Task to carry out: An exact copy of the data is required; the images should not appear in it.

Given data:
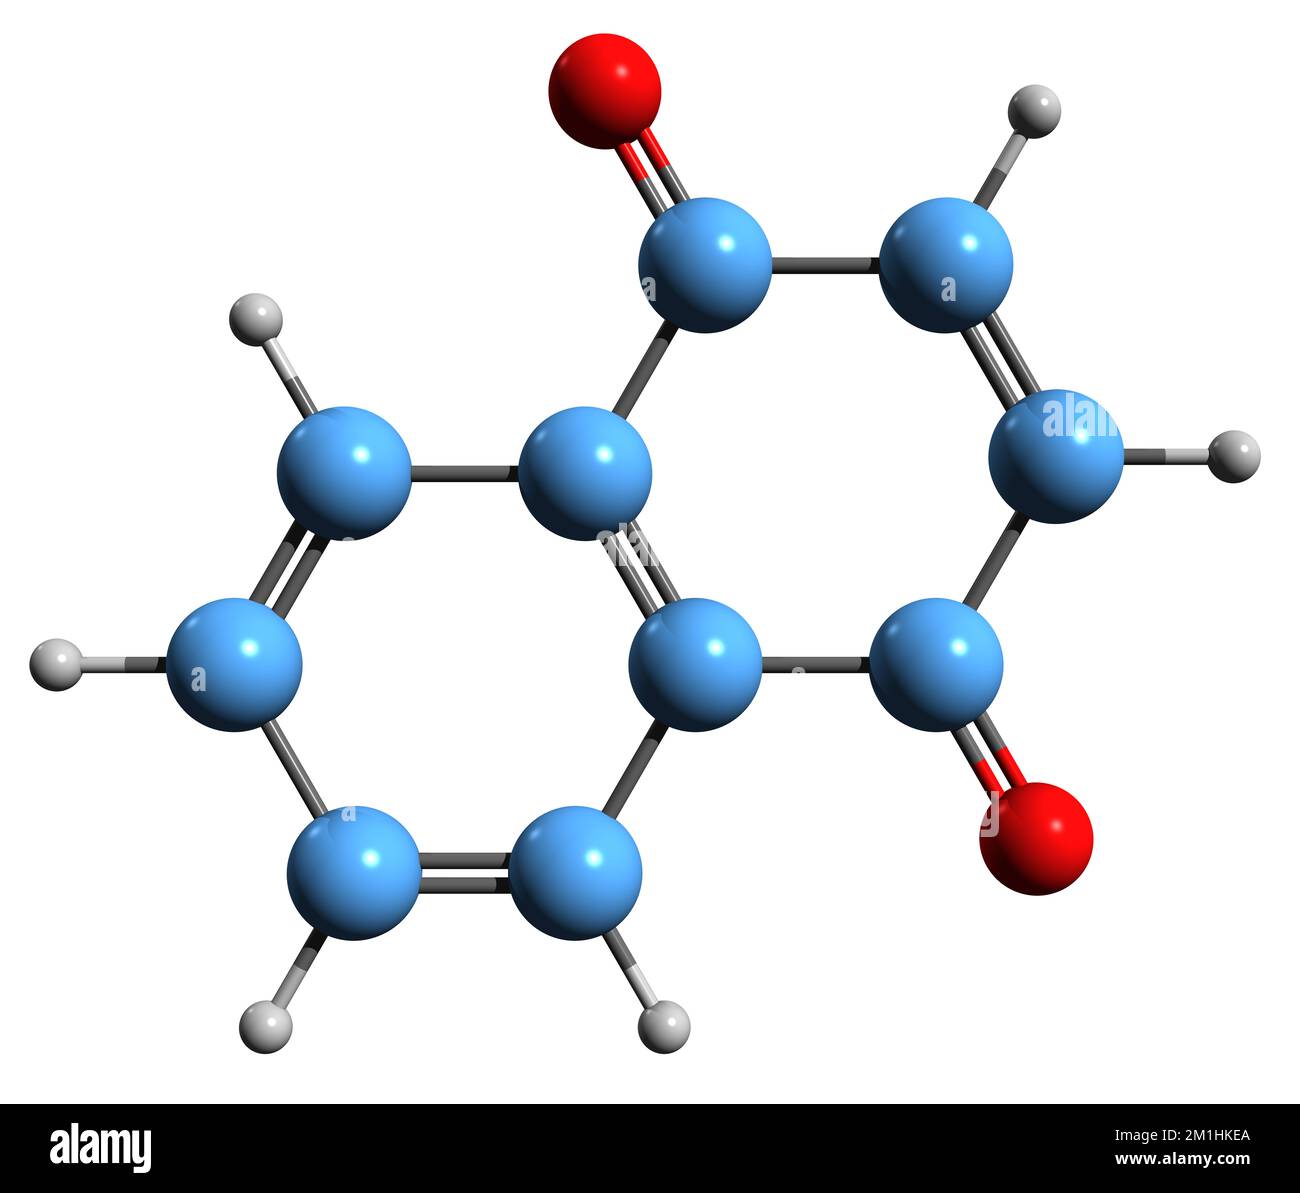 3D-Bild der Naphthochinon-Skelettformel - molekularchemische Struktur der auf weißem Hintergrund isolierten Naphthalin-Dion Stockfoto
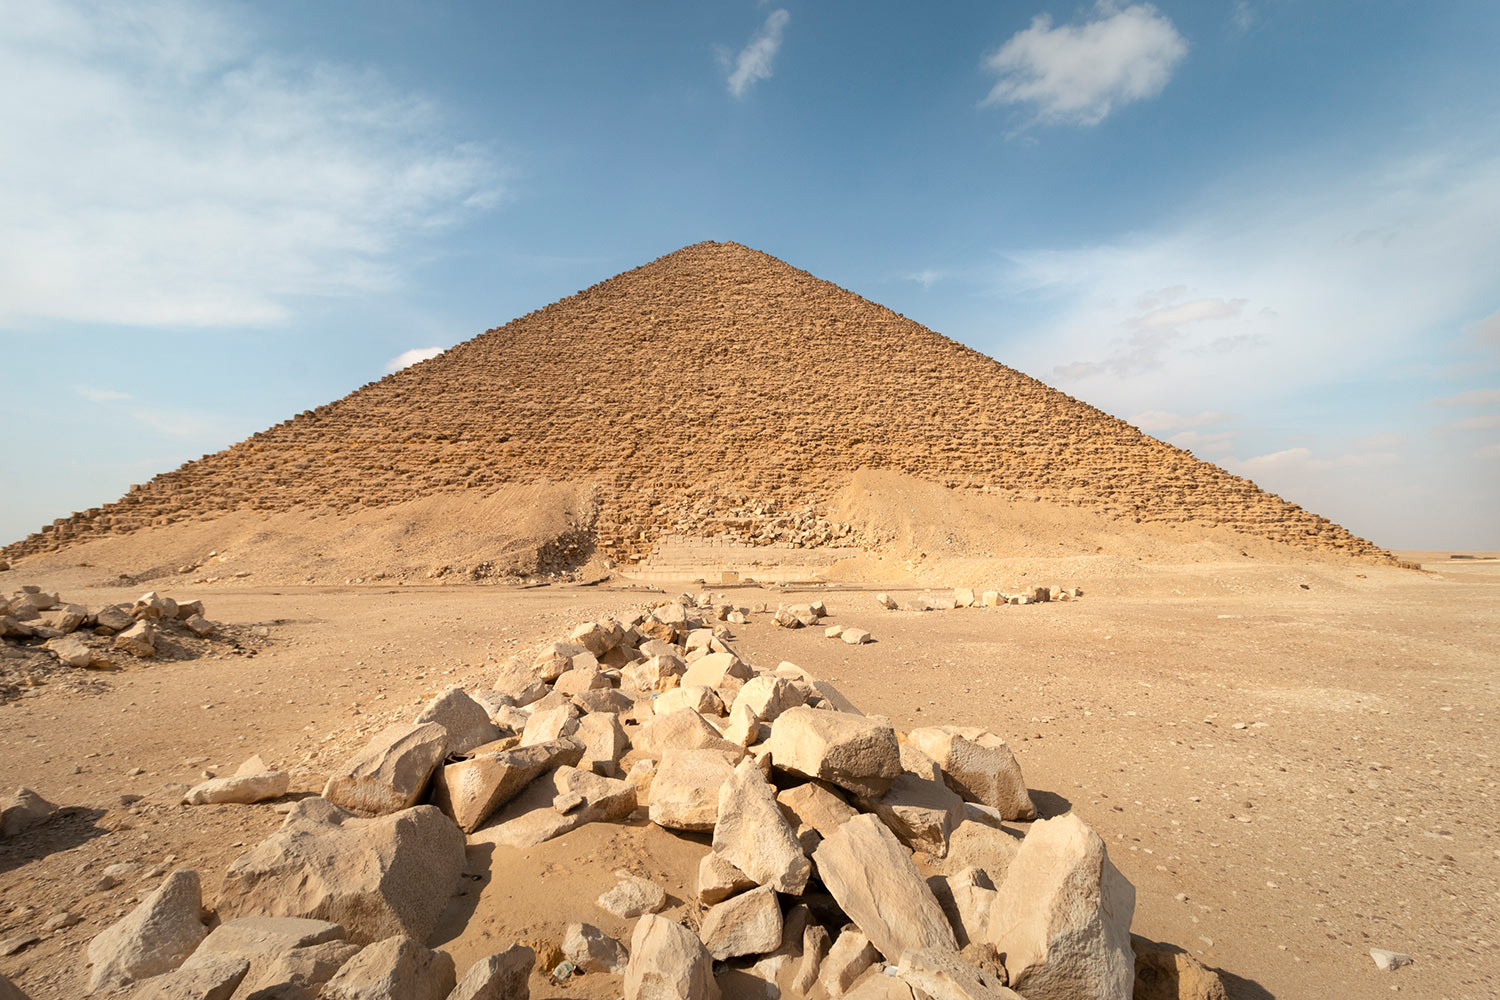 Pyramide rouge, Dahchour, Égypte / Red Pyramid, Dahshur, Egypt
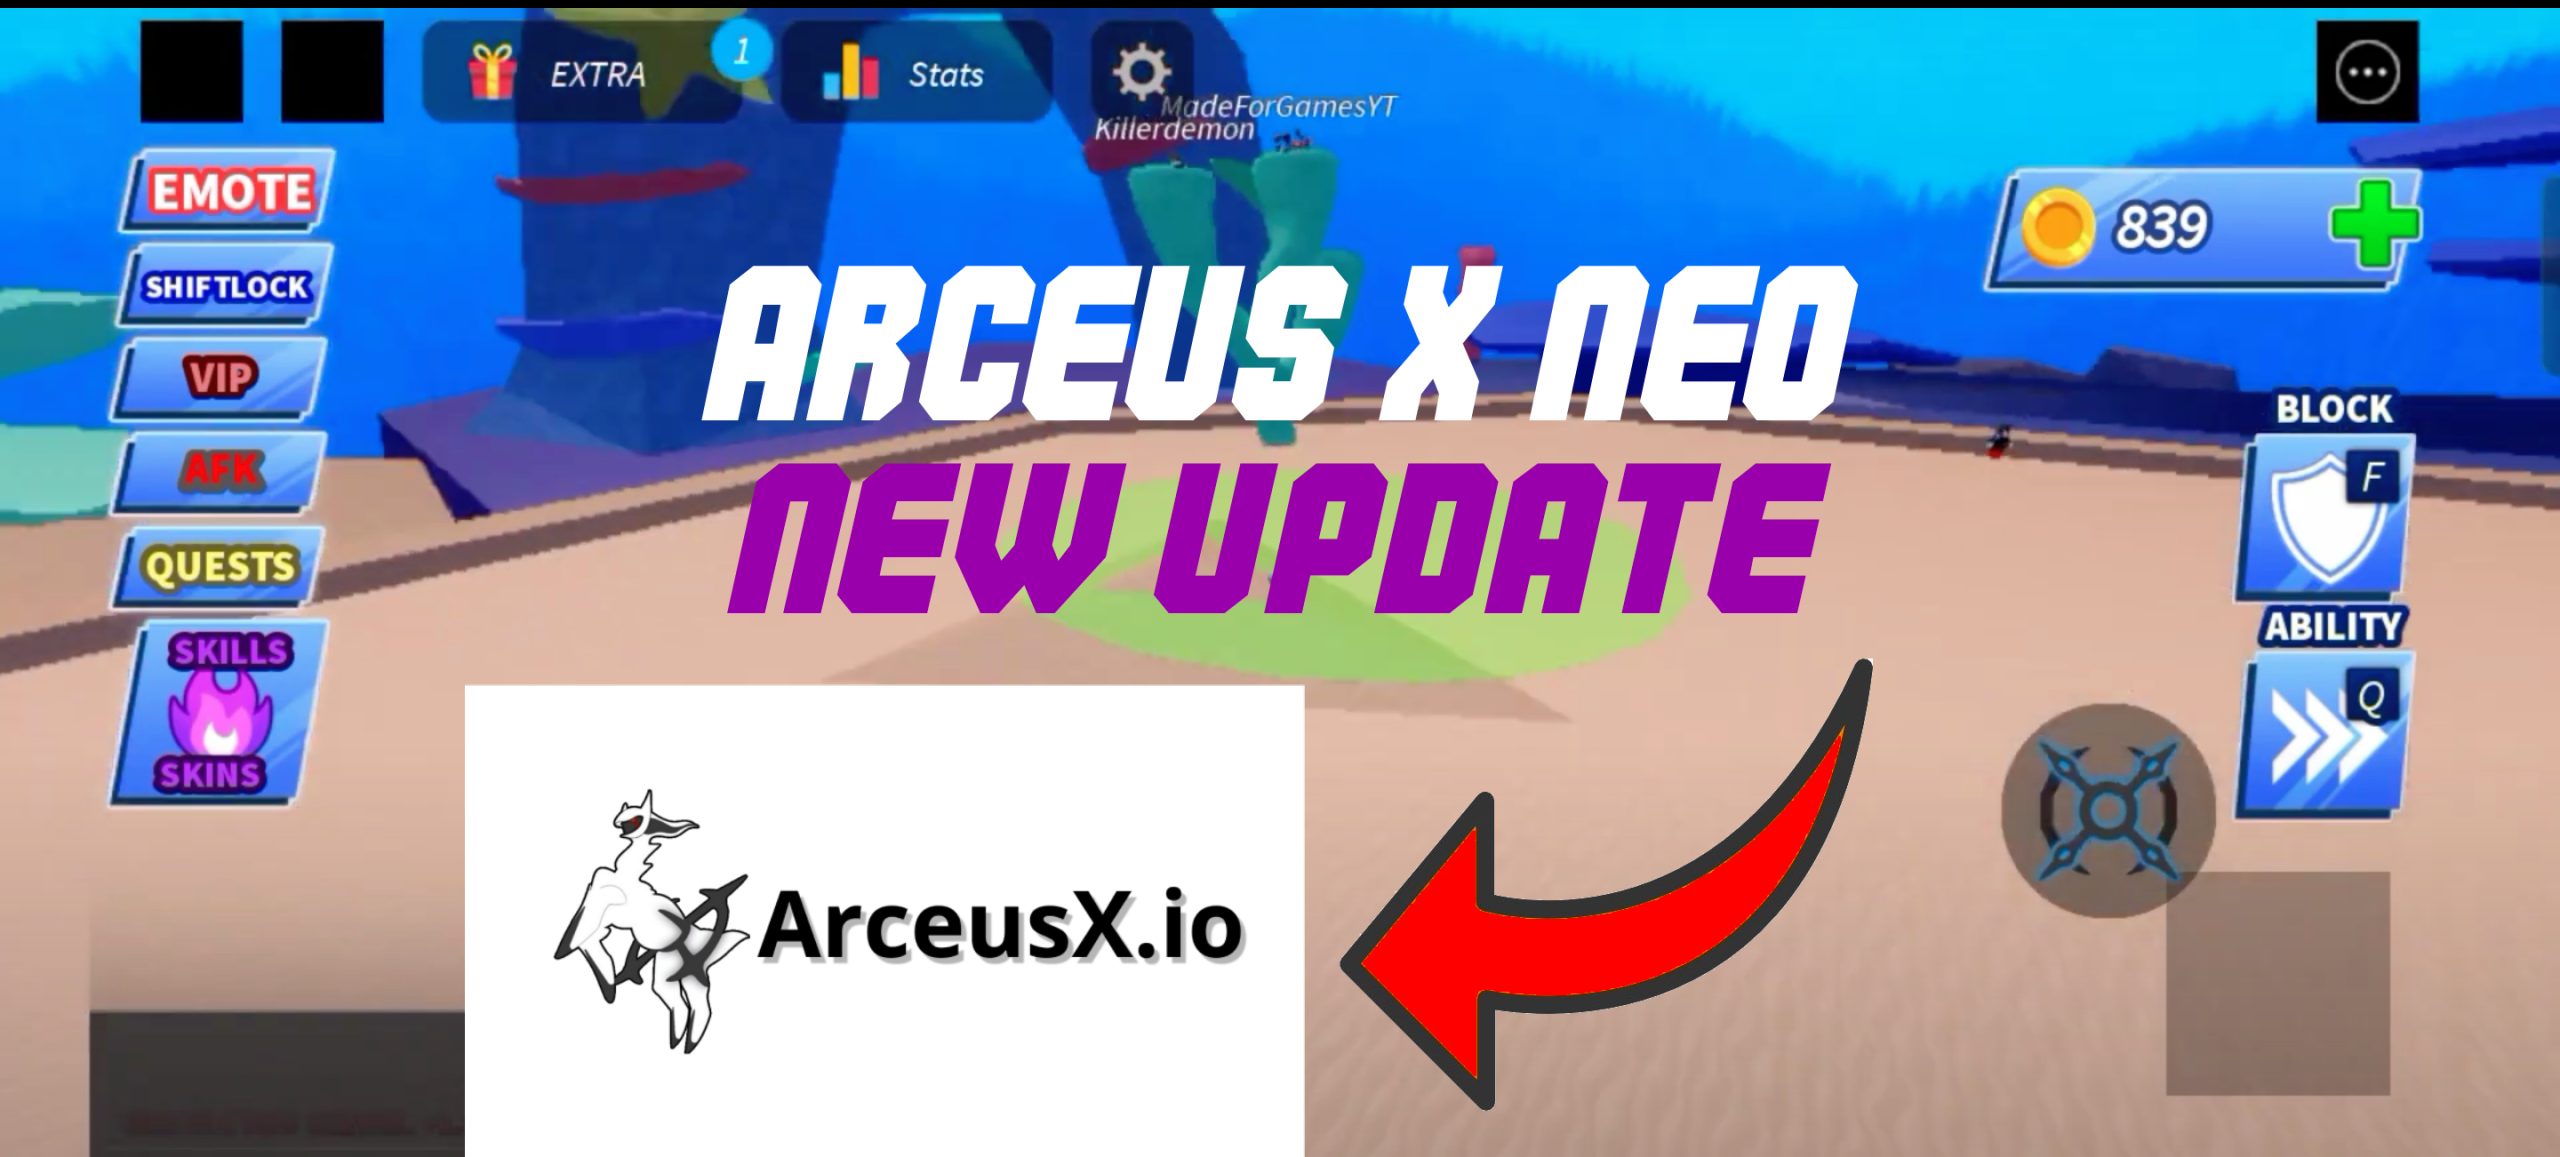 Arceus-X-NEO-ArceusX.io

Task response:
 3D-Bild der Naphthochinon-Skelettformel - molekularchemische Struktur der auf weißem Hintergrund isolierten Naphthalin-Dion Stockfoto
 Pyramide rouge, Dahchour, Égypte / Red Pyramid, Dahshur, Egypt
 Arceus-X-NEO-ArceusX.io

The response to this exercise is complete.